Data
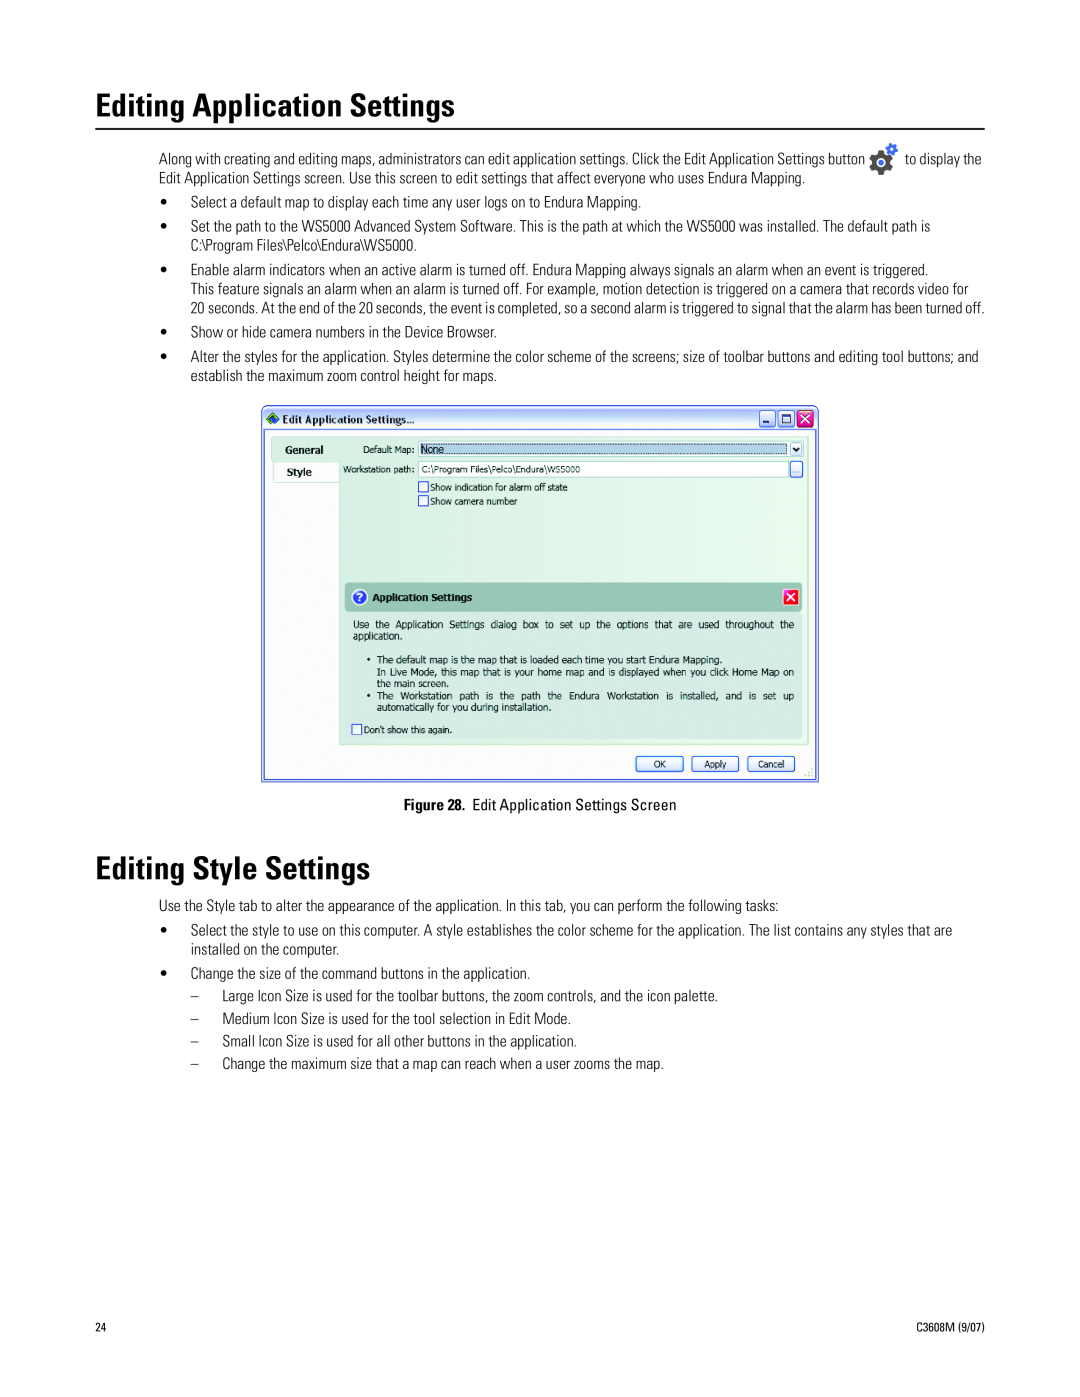 Pelco C3608M (9/07) manual Editing Application Settings, Editing Style Settings 
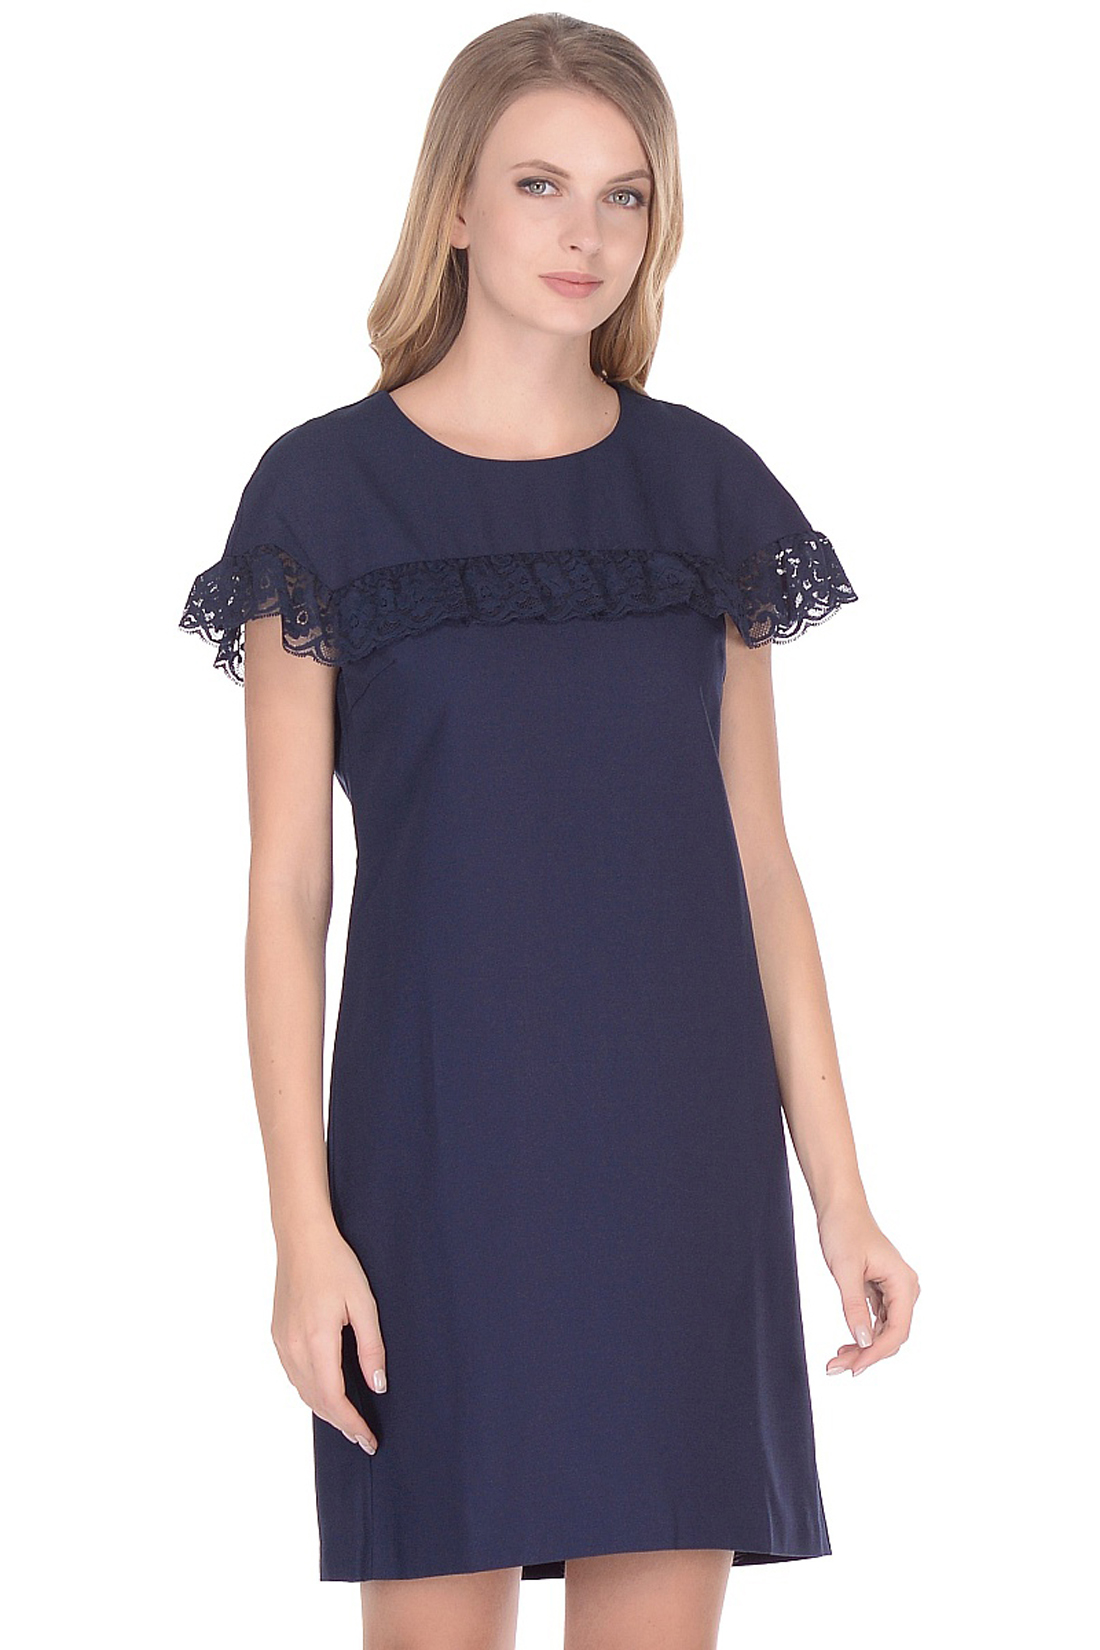 Платье с кружевом на кокетке (арт. baon B458004), размер XS, цвет синий Платье с кружевом на кокетке (арт. baon B458004) - фото 3
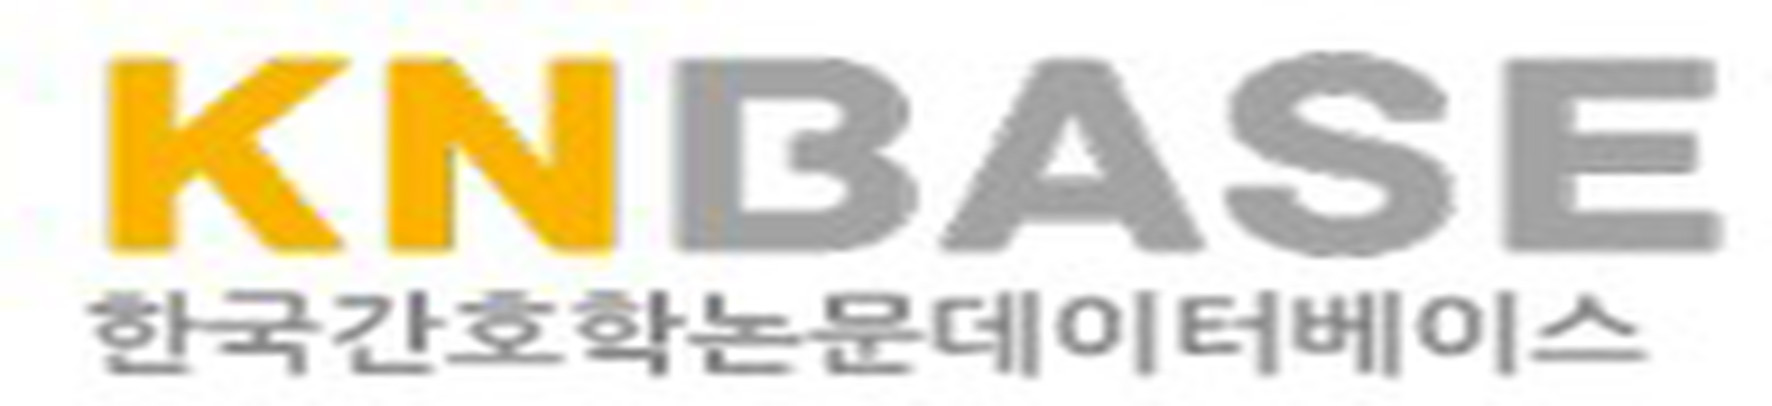 한국간호학논문데이터베이스
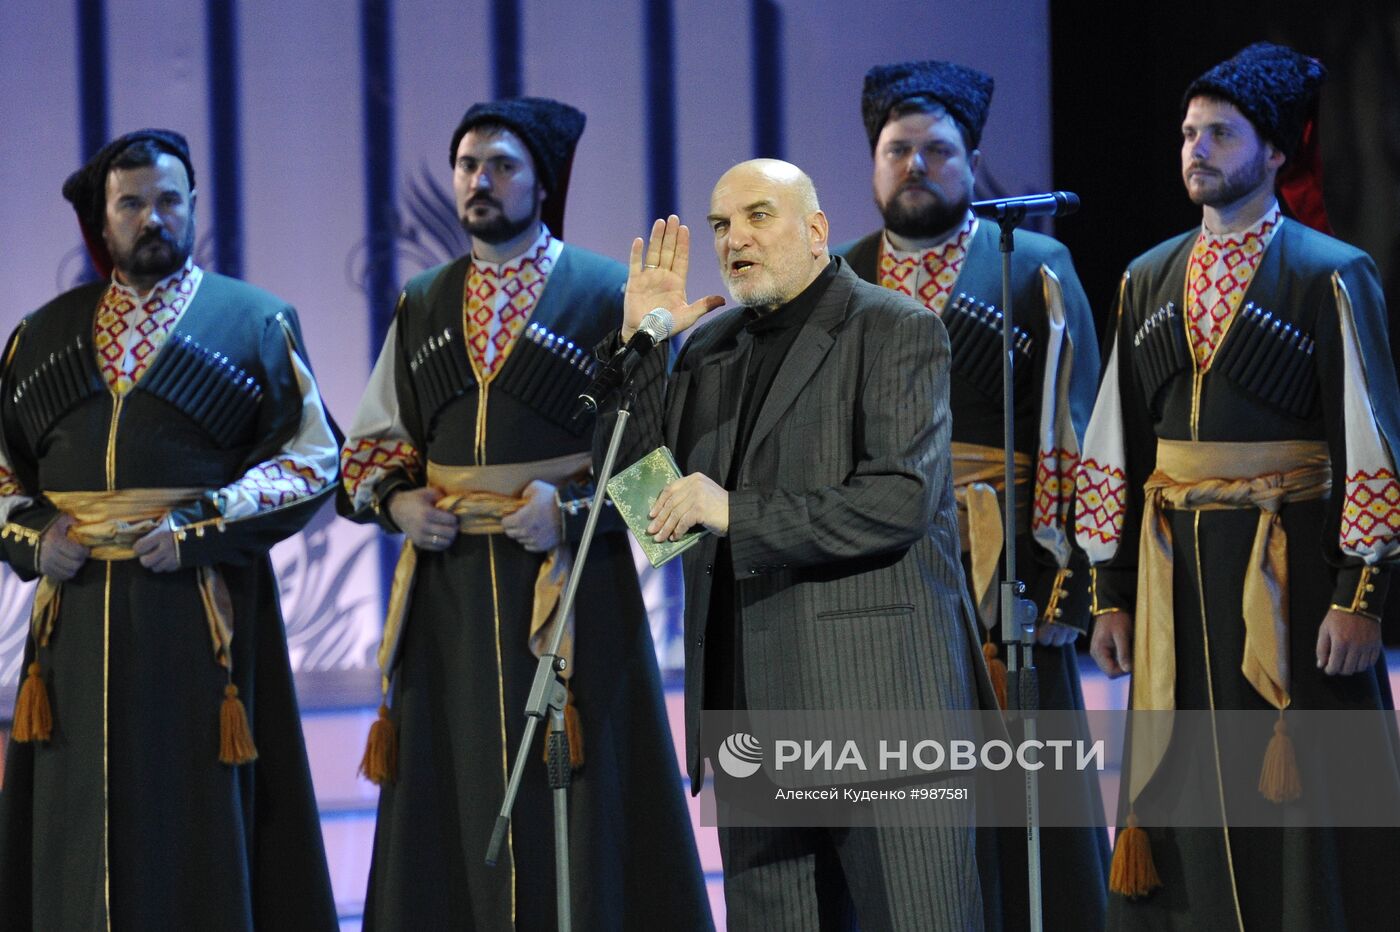 Юбилейный концерт Кубанского казачьего хора в Кремлевском дворце

Problem requirements
Once you find the line with "한국간호학논문데이터베이스", restate it and every later line of the data word for word, excluding the pictures.

Response below
 한국간호학논문데이터베이스
 Юбилейный концерт Кубанского казачьего хора в Кремлевском дворце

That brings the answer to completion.